1 scoop Quest Vanilla Protein Powder

6oz 0% Fage Greek Yogurt

1 cup 30 cal/cup Almond Milk

1 Tablespoon Chia Seeds

1 cup chopped Strawberries 

     Mix all together, divide in half, chill over night, when ready enjoy!

Saturday, September 25, 2021

Pumpkin Pecan Brownies






     So easy, so delicious, and a level of decadence that can’t be beat.  These sugar free, all natural, single ingredient Brownies are perfect for the health conscience eater.  Each of the 9 Brownies are only 99 calories, 17g carbs, 3.8g fiber, 13.2g net carbs, 4.2g protein and 3g fat.  This recipe turns out very moist, almost like a pudding in the mix texture, not to mention a taste like a cooked chocolate pudding.  Involve the kids, and make it a fun play date.  Enjoy. :)

Ingredients for 9 Brownies~

2 mashed medium (8-10oz) ripe Bananas (if you need additional sweetness, add an extra Banana)

2 room temperature Extra Large Eggs

1 cup Pumpkin (I use Libby’s, I have used the cheaper brands, but they are more watery)

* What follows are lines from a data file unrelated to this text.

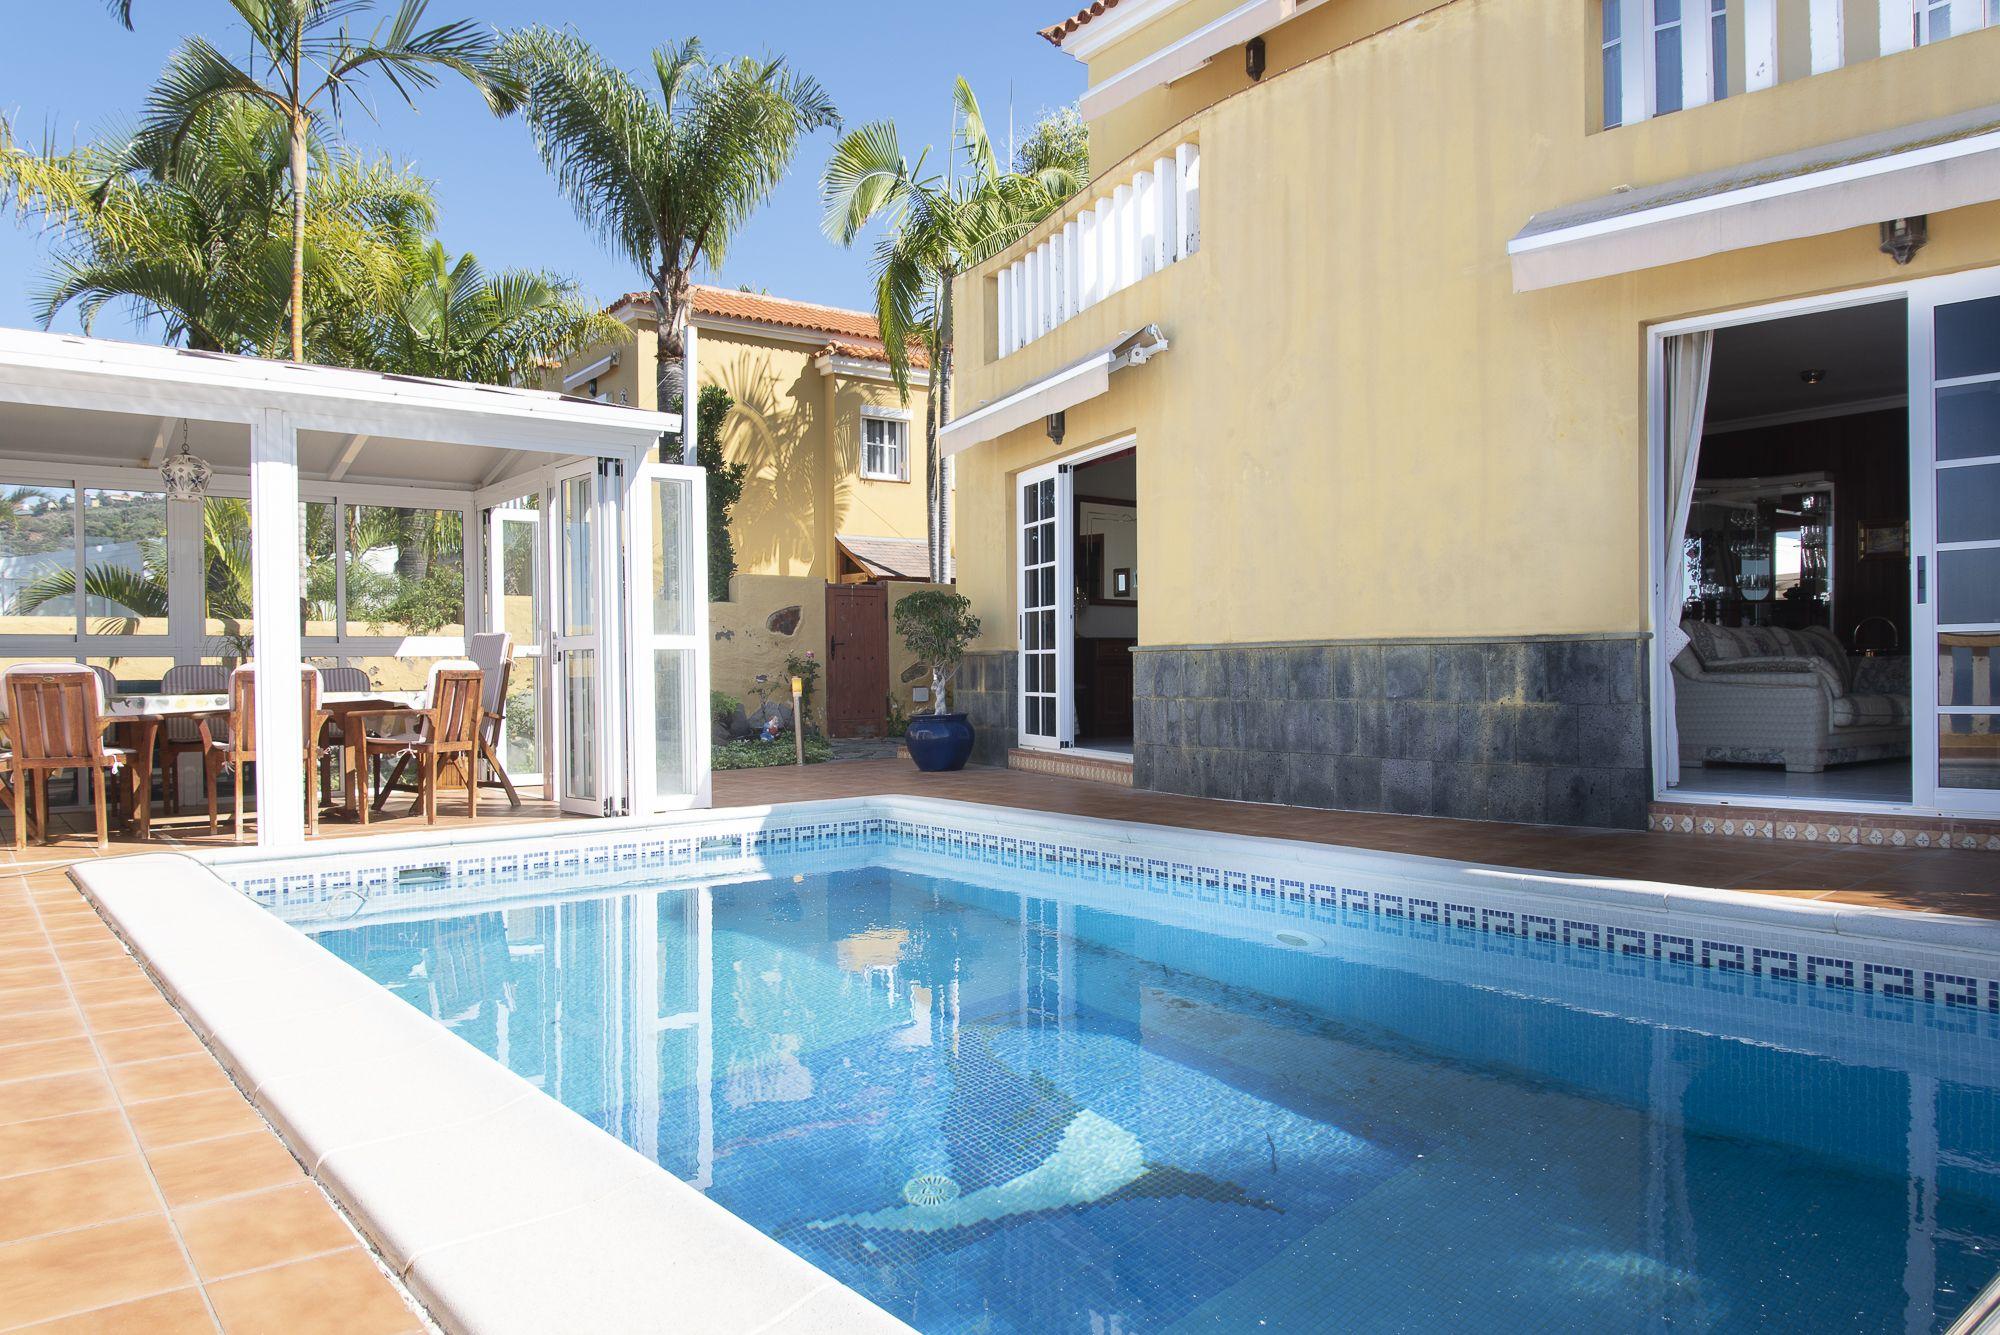 Comedor de verano y piscina. El Sauzal - El Puertito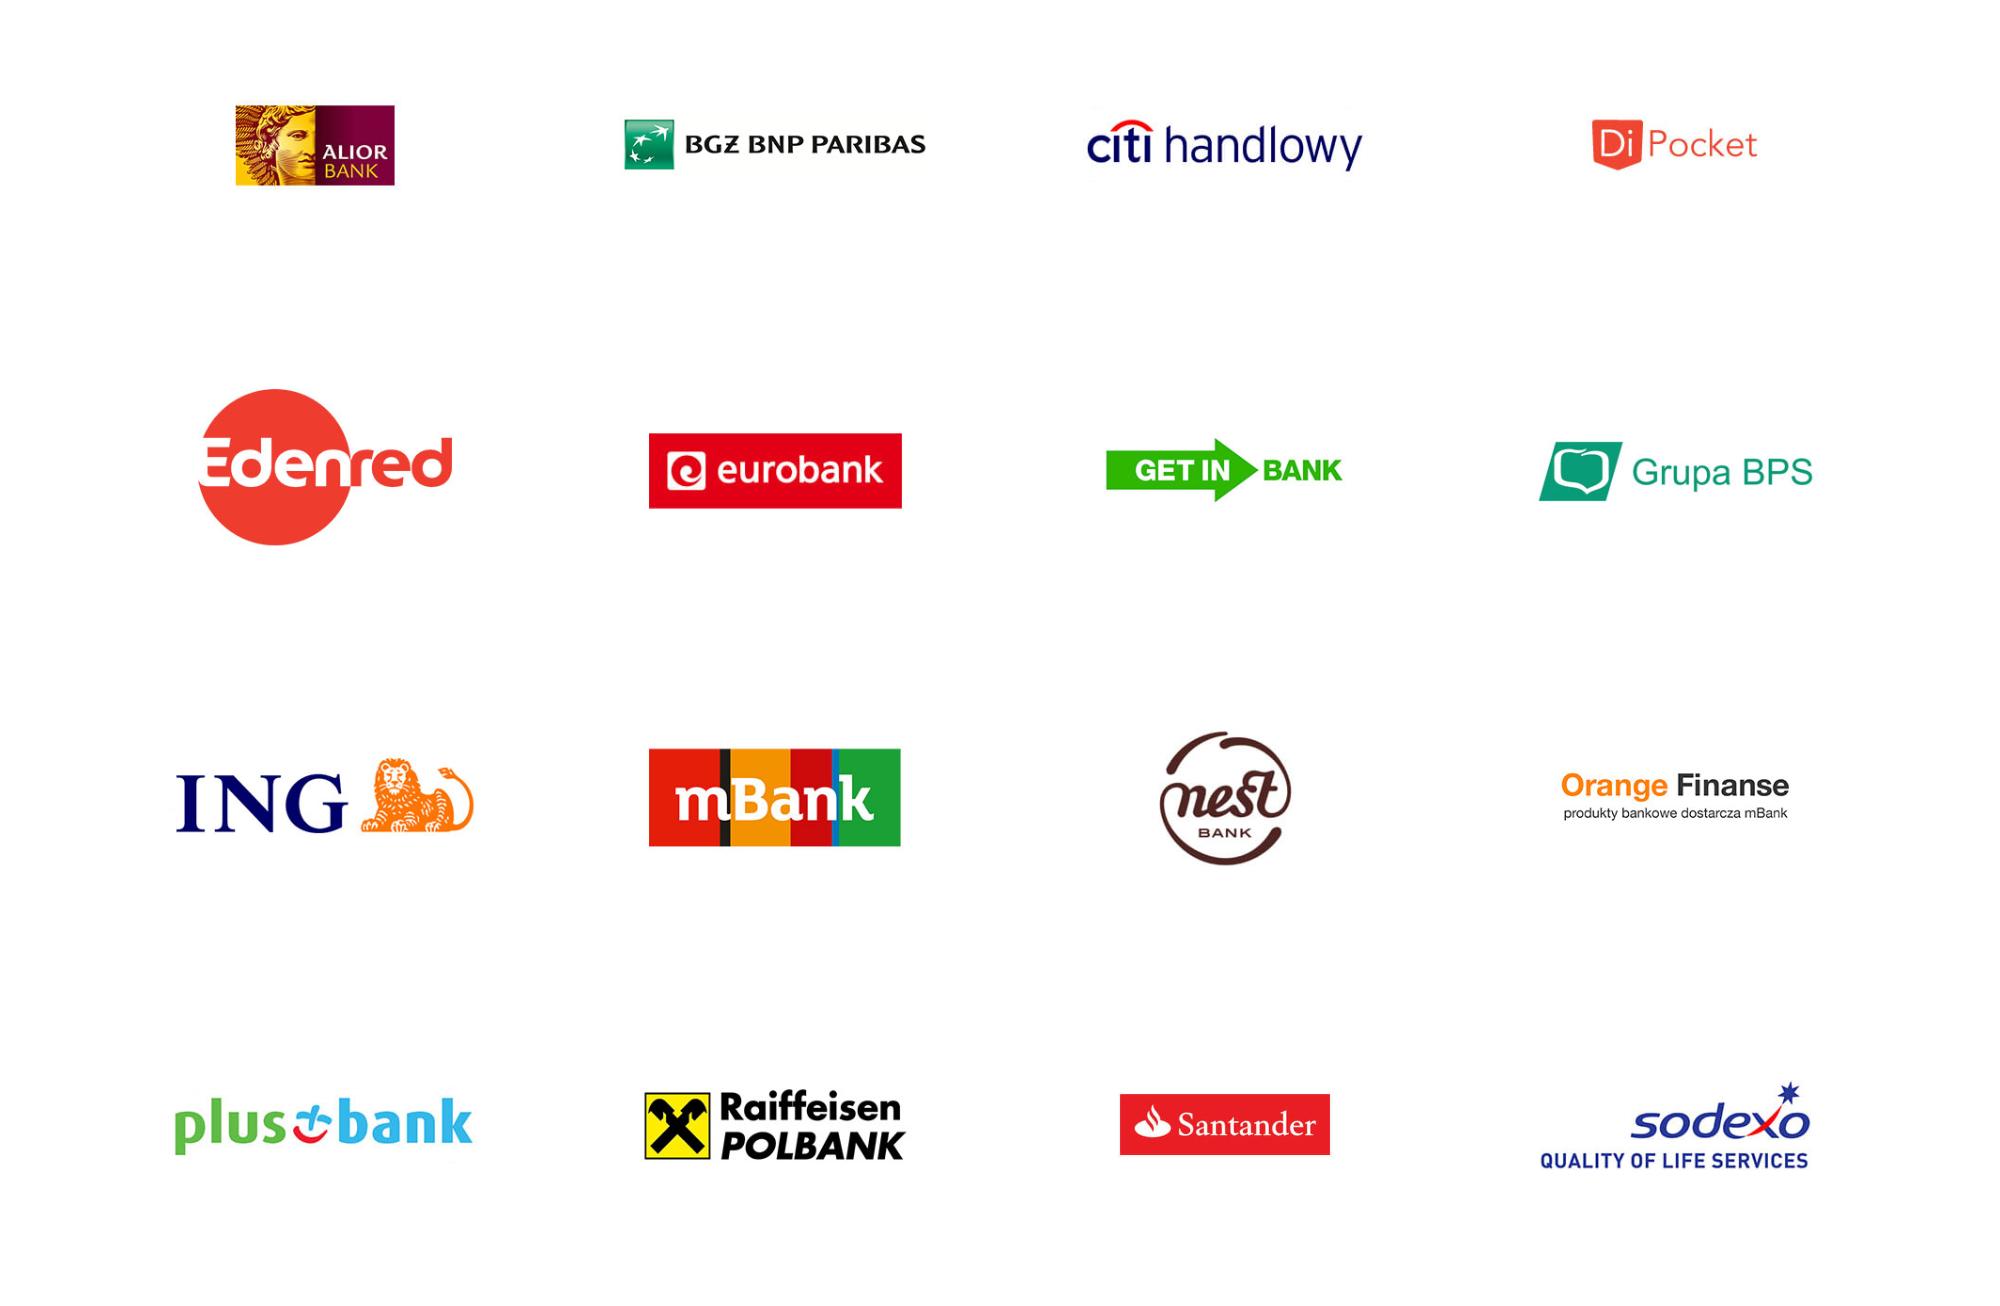 Список банков, поддерживающих Андроид-пэй в Польше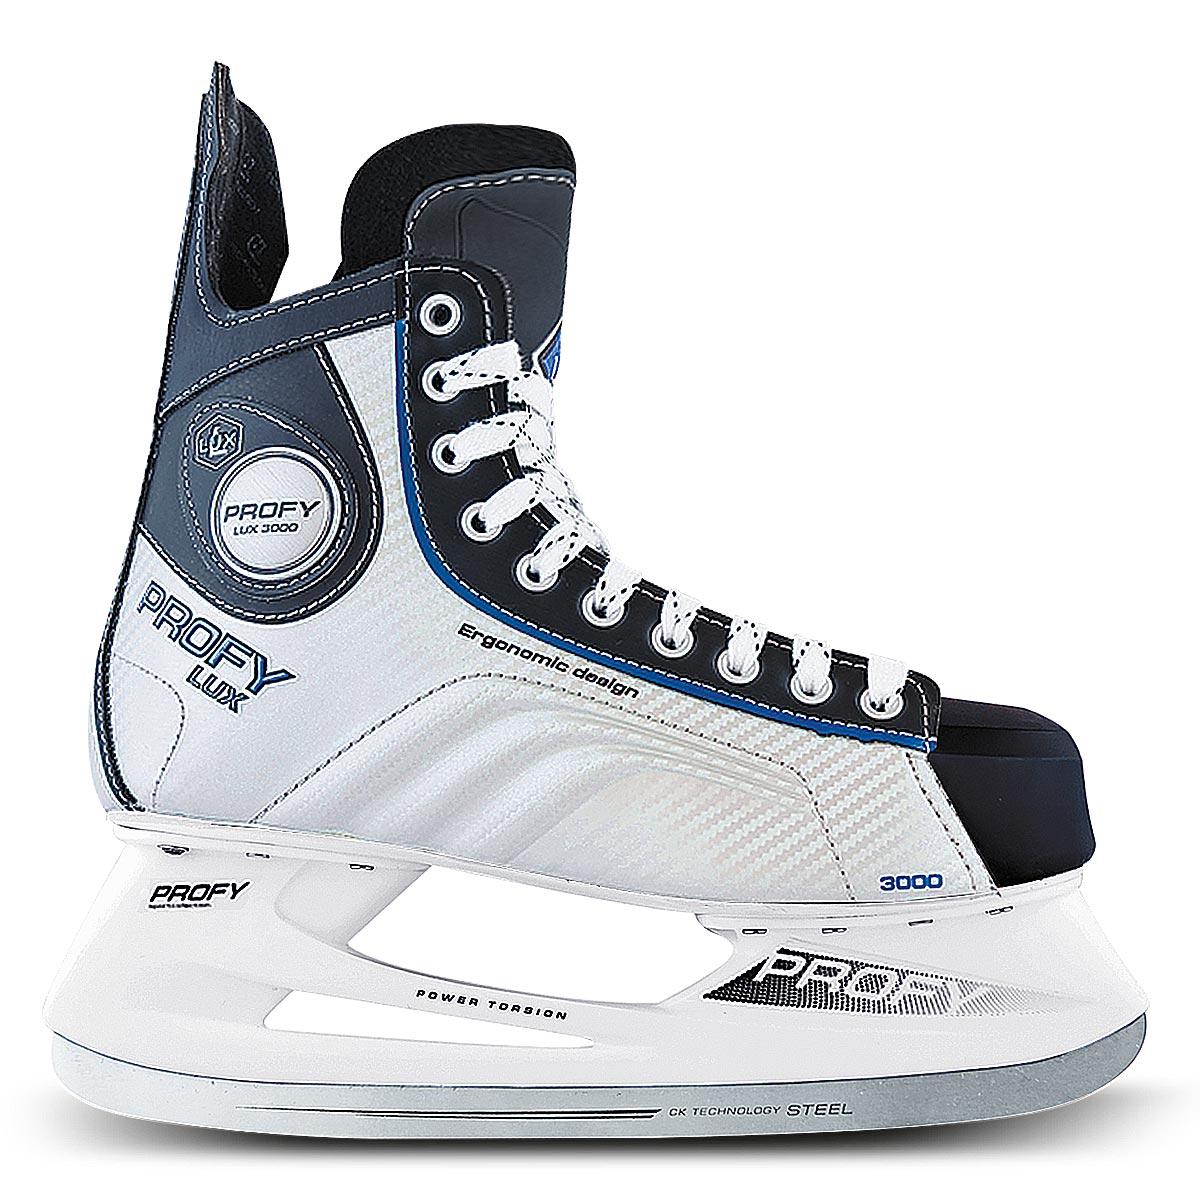 Коньки хоккейные мужские СК Profy Lux 3000, цвет: черный, серебряный, синий. Размер 38PROFY LUX 3000 Blue_38Стильные мужские коньки от CK Profy Lux 3000 Blue прекрасно подойдут для начинающих игроков в хоккей. Ботинок выполнен из морозоустойчивой искусственной кожи и резистентного ПВХ. Мыс дополнен вставкой, которая защитит ноги от ударов. Внутренний слой и стелька изготовлены из мягкого трикотажа, который обеспечит тепло и комфорт во время катания, язычок - из войлока. Плотная шнуровка надежно фиксирует модель на ноге. Голеностоп имеет удобный суппорт. По бокам, на язычке и заднике коньки декорированы принтом и тиснением в виде логотипа бренда. Подошва - из твердого пластика. Стойка выполнена из ударопрочного поливинилхлорида. Лезвие из углеродистой нержавеющей стали обеспечит превосходное скольжение.

1 cup uncooked Oats, grind to flour

1/2 cup Cocoa

1 teaspoon Baking Powder

1 teaspoon Cinnamon

Dash Vanilla

1 Tablespoon chopped Pecans

     Add Banana, Eggs and Pumpkin to mixing bowl, beat til well blended.  Then continue to blend in the Oats, Cocoa, Baking Powder, Cinnamon and Vanilla til fully incorporated, and pour into parchment lined 8x8 or 9x9 pan, smooth batter and sprinkle with Pecans, bake at 350 for 23 minutes.  Remove, and cool.  Enjoy. :)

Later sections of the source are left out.